# Titanic challenge with SageMaker - Remote Training

This notebook in in the series of learning SageMaker with Titanic challenge. The original challenge is defined at https://www.kaggle.com/c/titanic/data. In this notebook I experiment using SageMaker features from my local instead of using a SageMaker Notebook. 

In some cases, our local machines are strong enough to handle the data and we only want to use AWS resources for training and serving models. It can save costs of using Notebook Instances.

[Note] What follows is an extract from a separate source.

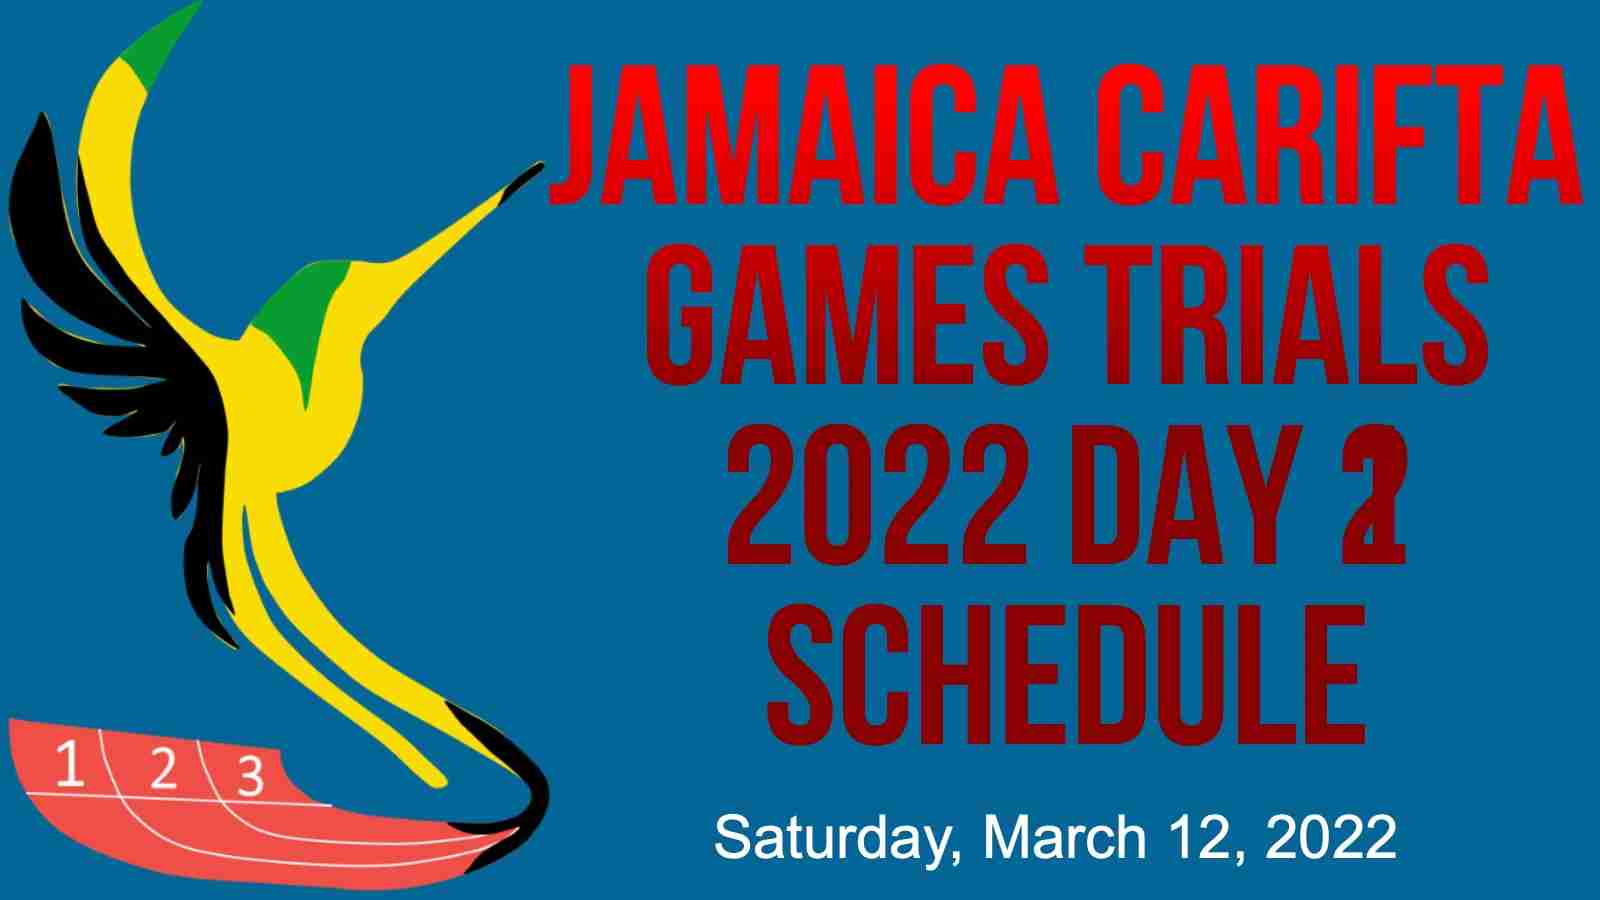 2022-Jamaica-Carifta-Games-Trials-Day-2

The only difference to using a SageMaker Notebook Instance is that we must prepare a developing environment by ourselves and a proper credential to make requests to AWS from our local.

Requirements:
- Local environment with Python and necessary libraries/packages.
- S3 buckets to store the data and the output
- IAM user with the permission of writing to S3 and using SageMaker service.
- An IAM role having permissions on S3 at least to be attached to training instances.

This piece of code uses SageMaker 2.18.0 and XGBoost.


## 1. Preparation

In [1]:
# import libraries
import boto3
import sagemaker

import pandas as pd
import numpy as np


In [2]:
# Define bucket name and prefix
bucket = '<bucket-name>' 
prefix = 'prefix'

# Define IAM role and sagemaker client
boto_session = boto3.Session()
session = sagemaker.Session(boto_session=boto_session)

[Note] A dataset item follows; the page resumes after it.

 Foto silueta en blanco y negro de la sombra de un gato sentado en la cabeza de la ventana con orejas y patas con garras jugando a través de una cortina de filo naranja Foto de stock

# A role with the rights of reading and writing to S3
role = '<your:arn:role>'

In [3]:
# define the local data path
train_data_file = './data/processed/exp-raw/train.csv'
validation_data_file = './data/processed/exp-raw/validation.csv'
test_data_file = './data/processed/exp-raw/test.csv'

In [4]:
# upload local data into s3
s3_train_uri = session.upload_data(path=train_data_file, bucket=bucket, key_prefix='/'.join((prefix, 'basic/train')))
s3_validate_uri = session.upload_data(path=validation_data_file, bucket=bucket, key_prefix='/'.join((prefix, 'basic/validation')))
s3_test_uri = session.upload_data(path=test_data_file, bucket=bucket, key_prefix='/'.join((prefix, 'basic/test')))


## 2. Model training

In [5]:
# Get the XGBoost image uri corresponding to the current region
from sagemaker import image_uris
container = image_uris.retrieve('xgboost', session.boto_region_name, 'latest')

In [12]:
# Define the estimator and hyperparams
xgb = sagemaker.estimator.Estimator(container,
                                    role, # role to be attached to instance to access data
                                    instance_count=1, 
                                    instance_type='ml.m4.xlarge',
                                    output_path='s3://{}/{}/output'.format(bucket, prefix),
                                    use_spot_instances=True,
                                    max_run=400,
                                    max_wait=600)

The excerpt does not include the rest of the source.